Problems solved by technology

[0003] The current voice conversion technology relies on parallel corpus, that is, voices with the same content information recorded by different people, but in actual application scenarios, it is difficult

Method used

the structure of the environmentally friendly knitted fabric provided by the present invention; figure 2 Flow chart of the yarn wrapping machine for environmentally friendly knitted fabrics and storage devices; image 3 Is the parameter map of the yarn covering machine
View more

Image

Smart Image Click on the blue labels to locate them in the text.
Viewing Examples
Smart Image
  • Voice conversion model training method and device
  • Voice conversion model training method and device
  • Voice conversion model training method and device

Examples

Experimental program
Comparison scheme
Effect test

Example Embodiment

[0062] Below with the accompanying drawings, technical solution of the embodiment described in detail in this specification.

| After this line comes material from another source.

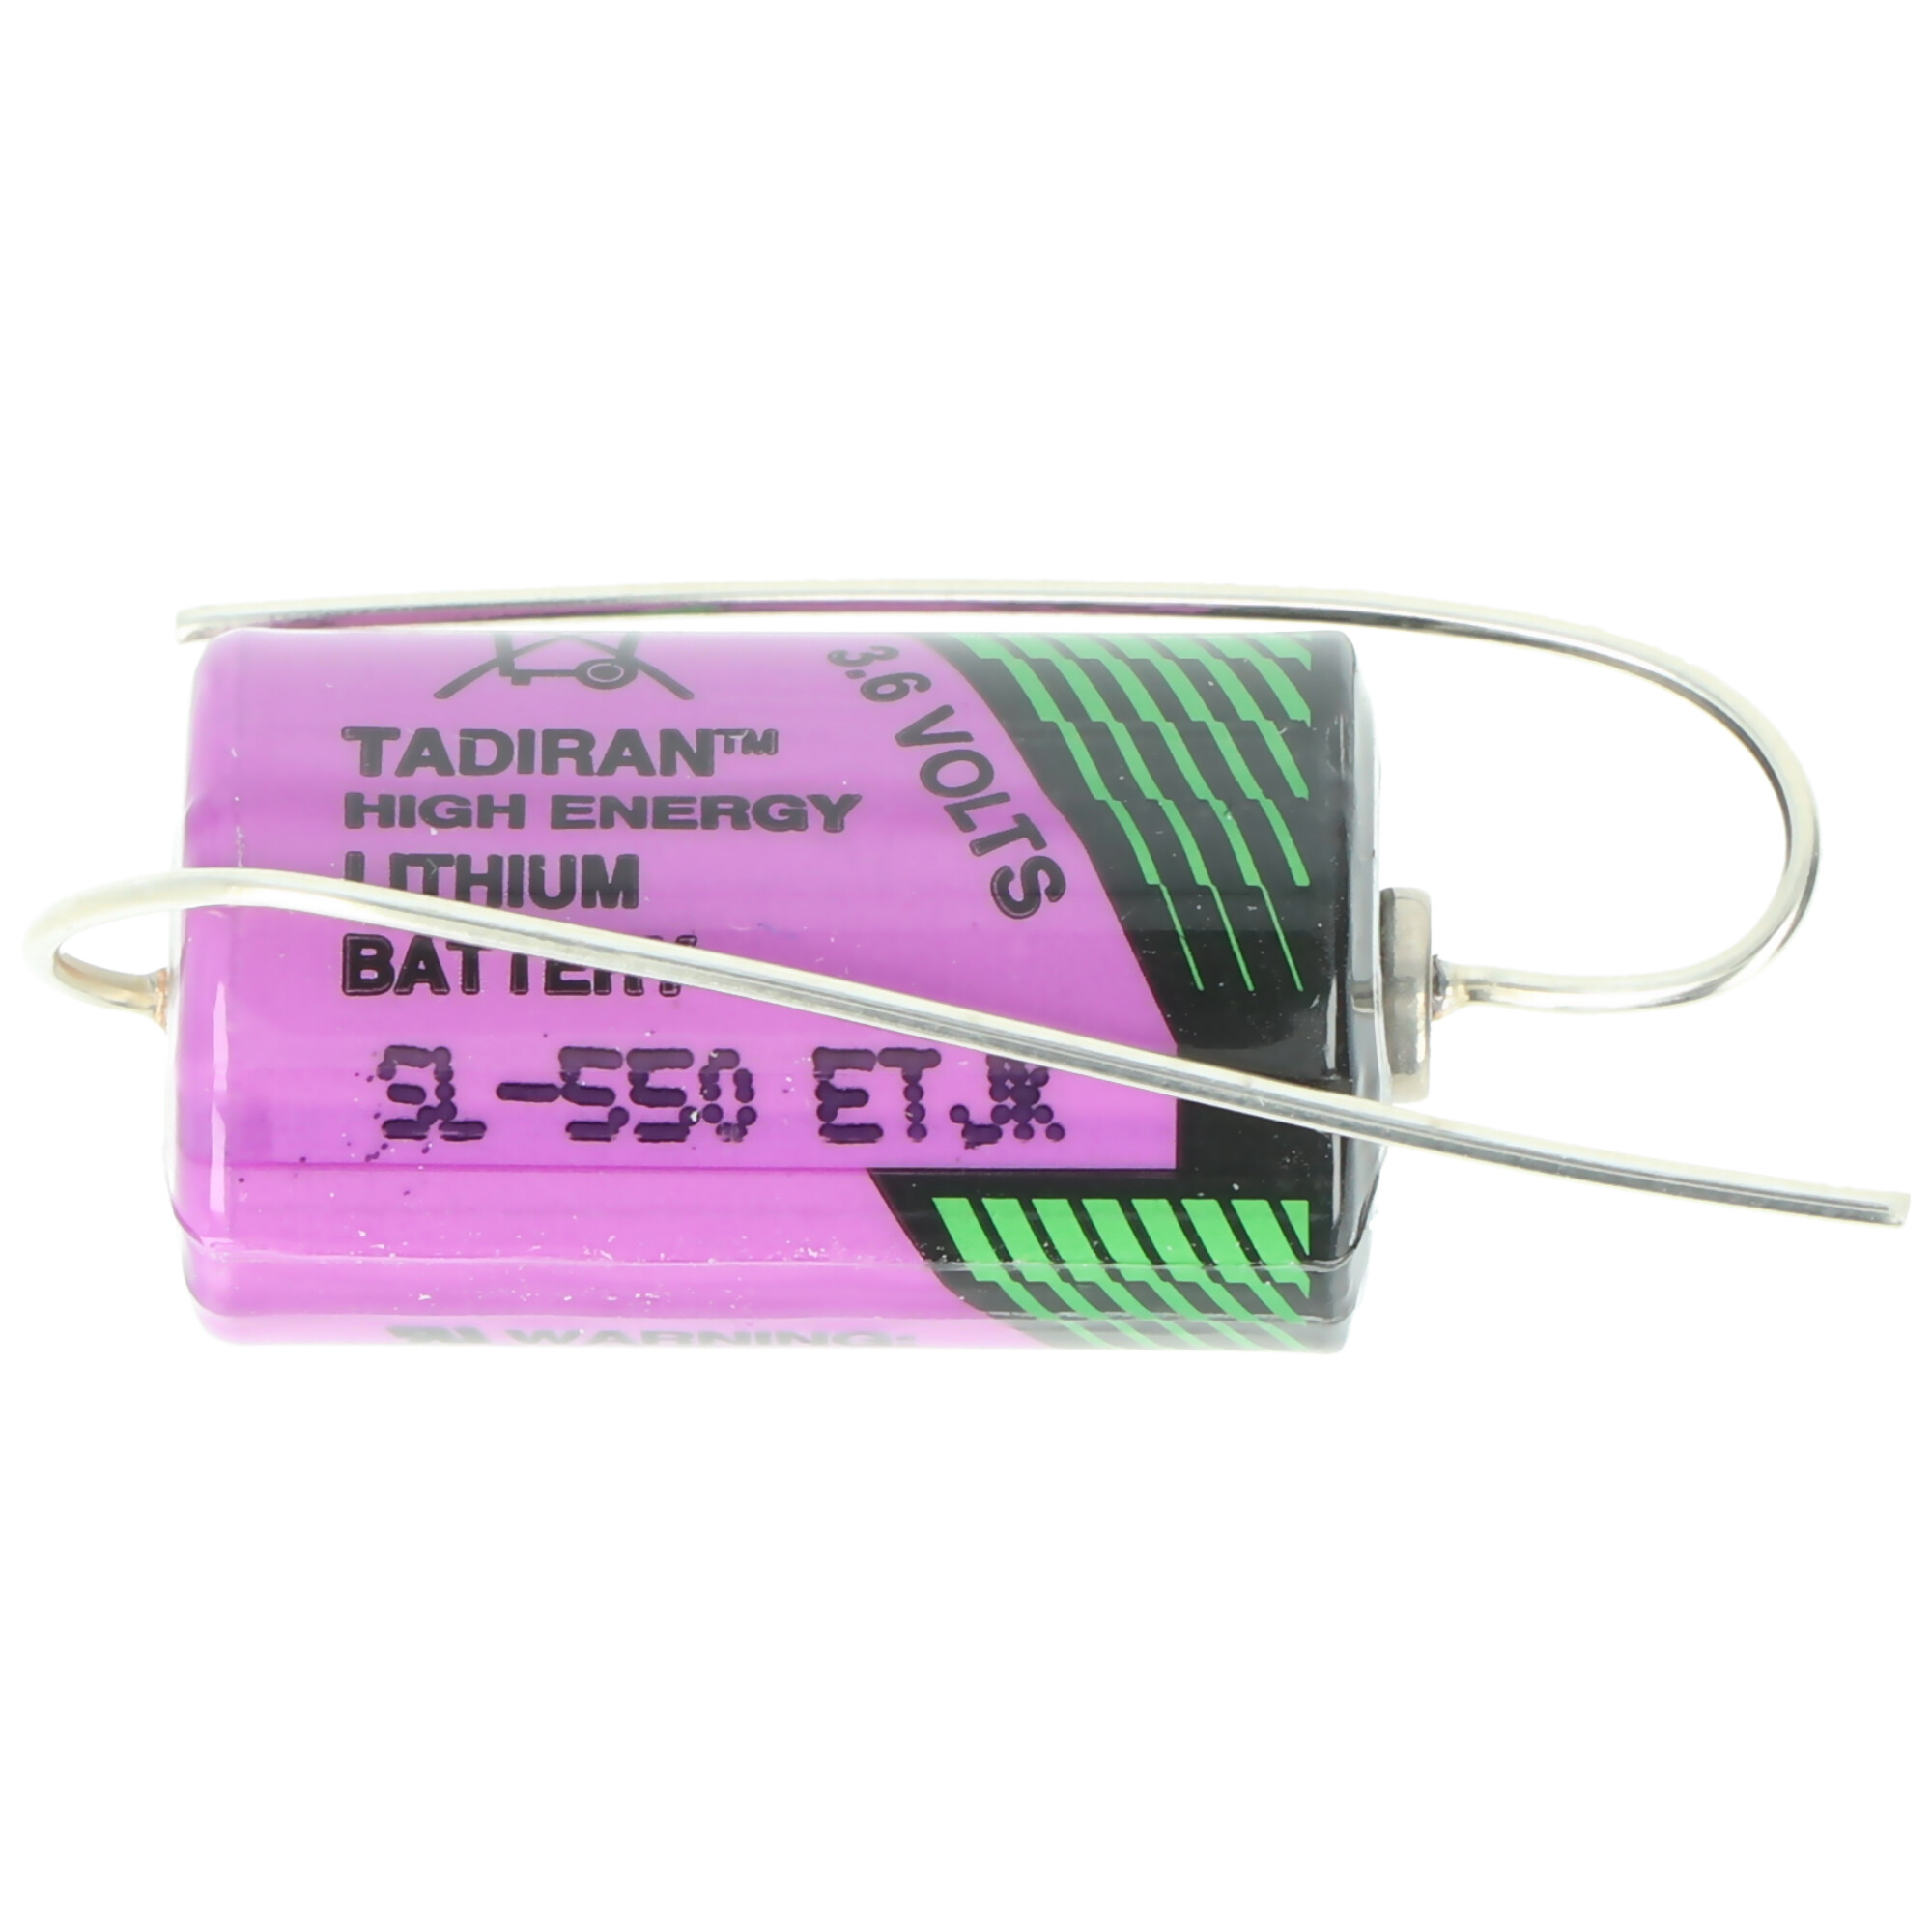 Tadiran LTC SL-550/P, Herst.Nr: 1110550300 mit axialem Drahtanschluss
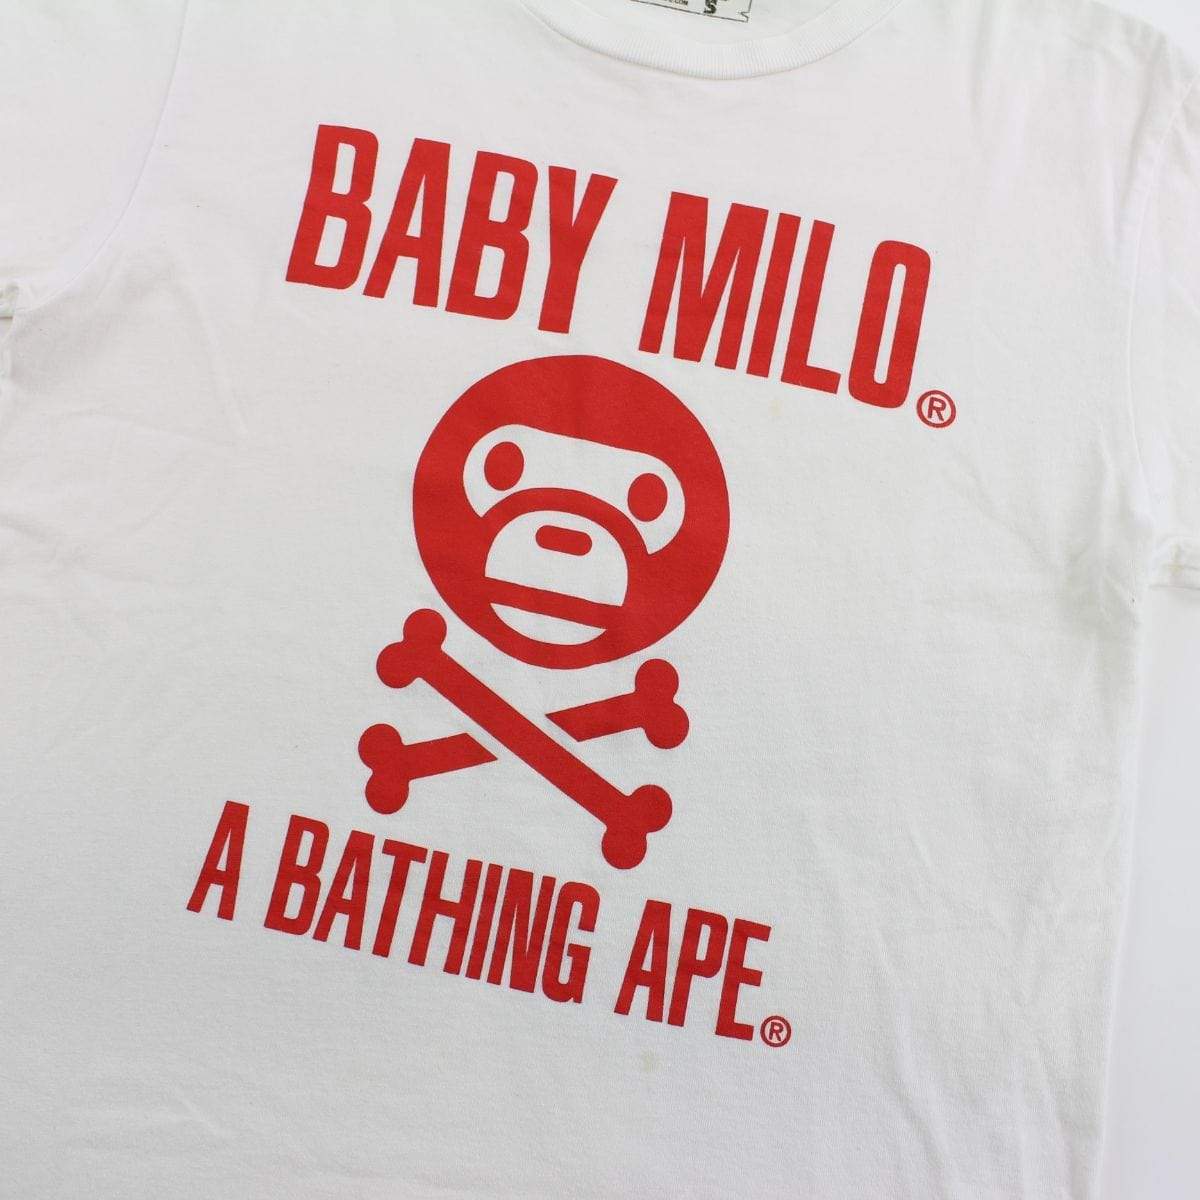 Bape Baby Milo Red Crossbones Tee White - SaruGeneral

[0063] Example embodiments disclosed in this specification training method and apparatus for voice conversion model, the following inventive concepts of the application scenario and voice conversion training method is first described model, as follows:

[0064] The current speech technology depends on the parallel corpus, the speech content of the same information that is recorded by different people, but in the actual application scenario, the user is difficult to record the specific content of the speech, and thus obtain parallel corpus in the real environment of difficult, with less training speech corpus parallel conversion model, the effect of converting their voice is not good enough.

[0065] In view of this, the present embodiment provides a manual method of voice conversion training model, such as figure 1 , The present specification discloses a s...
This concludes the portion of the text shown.